My manual says at 60,000 timing belt replacement. However this PDF http://bd8ba3c866c8cbc330ab-7b26c6f3e01bf511d4da3315c66902d6.r6.cf1.rackcdn.com/FSIvTSIupdated.pdf 
says my 2012 TSI EA888 one of the changes was a timing chain.. Sooo what gives ?


----------



## vwauditek25 (Aug 6, 2004)

Search works.....all chain since 2009 except golf r


----------



## drtechy (Jun 3, 2009)

Yea chain, not belt

posted via tapatalk


----------



## DasCC (Feb 24, 2009)

chain for EA888... you'll want to look at replacing the tensioner when you get to 80-100k. Its a known weak point on the timing system.


----------



## drtechy (Jun 3, 2009)

DasCC said:


> chain for EA888... you'll want to look at replacing the tensioner when you get to 80-100k. Its a known weak point on the timing system.
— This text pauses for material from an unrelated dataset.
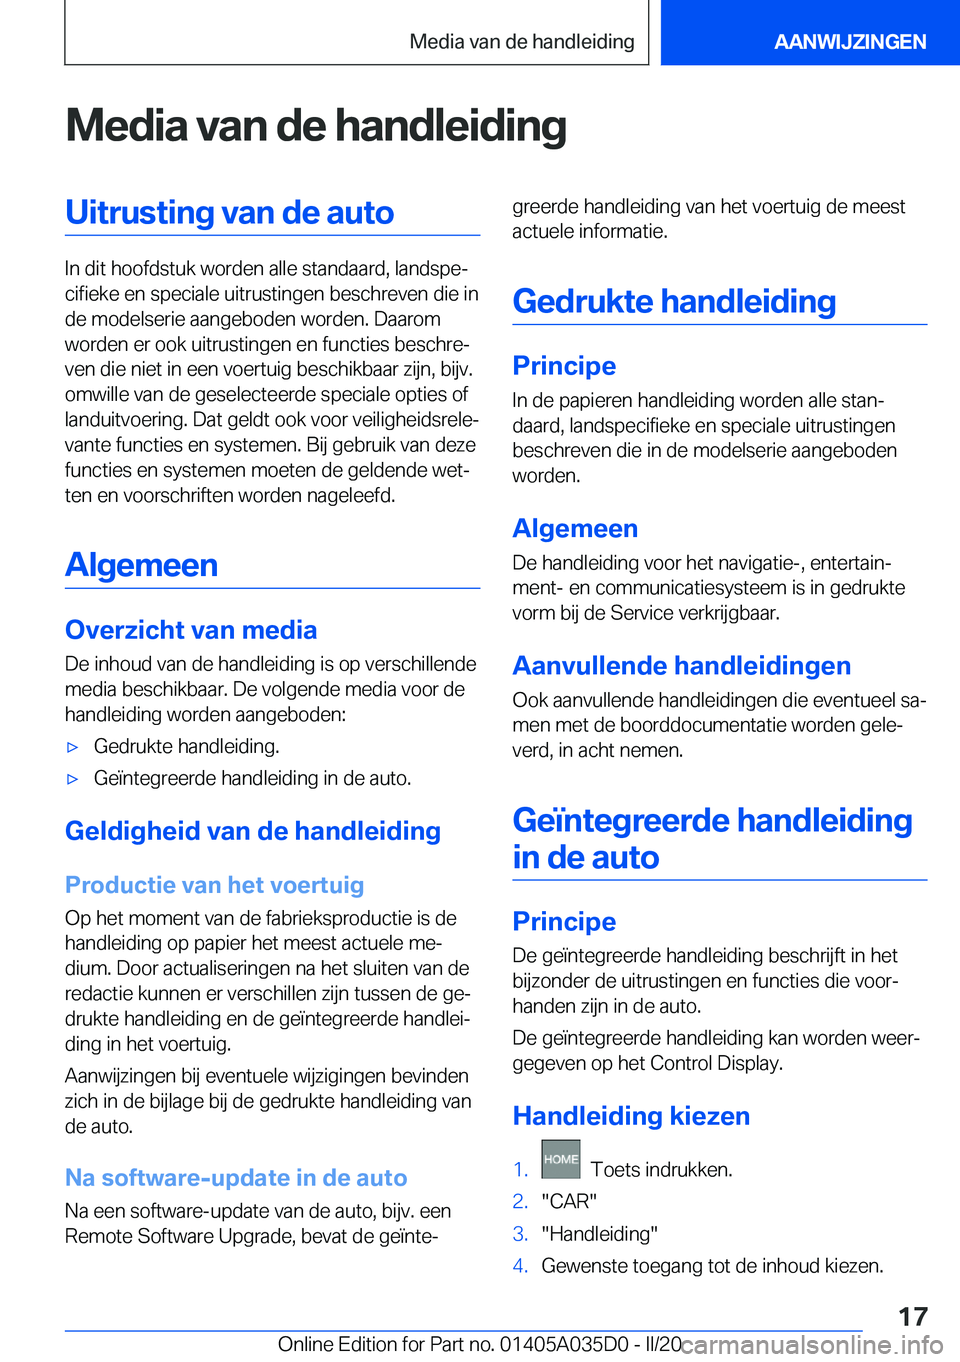 BMW X4 2020  Instructieboekjes (in Dutch) �M�e�d�i�a��v�a�n��d�e��h�a�n�d�l�e�i�d�i�n�g�U�i�t�r�u�s�t�i�n�g��v�a�n��d�e��a�u�t�o
�I�n��d�i�t��h�o�o�f�d�s�t�u�k��w�o�r�d�e�n��a�l�l�e��s�t�a�n�d�a�a�r�d�,��l�a�n�d�s�p�ej�c�i�f�i�e�

Does anyone know what years that affected? I wonder if it is even an issue on these beetles.

posted via tapatalk


----------



## DasCC (Feb 24, 2009)

drtechy said:


> Does anyone know what years that affected? I wonder if it is even an issue on these beetles.
> 
> posted via tapatalk


sometime in 2013 they started using a revised part that was supposed to fix the issue.


----------



## drtechy (Jun 3, 2009)

DasCC said:


> sometime in 2013 they started using a revised part that was supposed to fix the issue.


Dammit, not what I wanted to hear lol thanks though

posted via tapatalk


----------